## [Entries provided]
Content starts

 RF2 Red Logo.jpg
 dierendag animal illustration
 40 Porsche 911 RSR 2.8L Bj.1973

Content ends
Content starts

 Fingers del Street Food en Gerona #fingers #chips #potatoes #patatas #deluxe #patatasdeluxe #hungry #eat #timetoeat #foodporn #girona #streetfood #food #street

Content ends

## [Exercise goal]
Would you please copy exactly the part of the entries above that begins at the line containing "RF2 Red Logo.jpg" and ends at the line containing "40 Porsche 911 RSR 2.8L Bj.1973", both lines included?

## [Problem solution]
 RF2 Red Logo.jpg
 dierendag animal illustration
 40 Porsche 911 RSR 2.8L Bj.1973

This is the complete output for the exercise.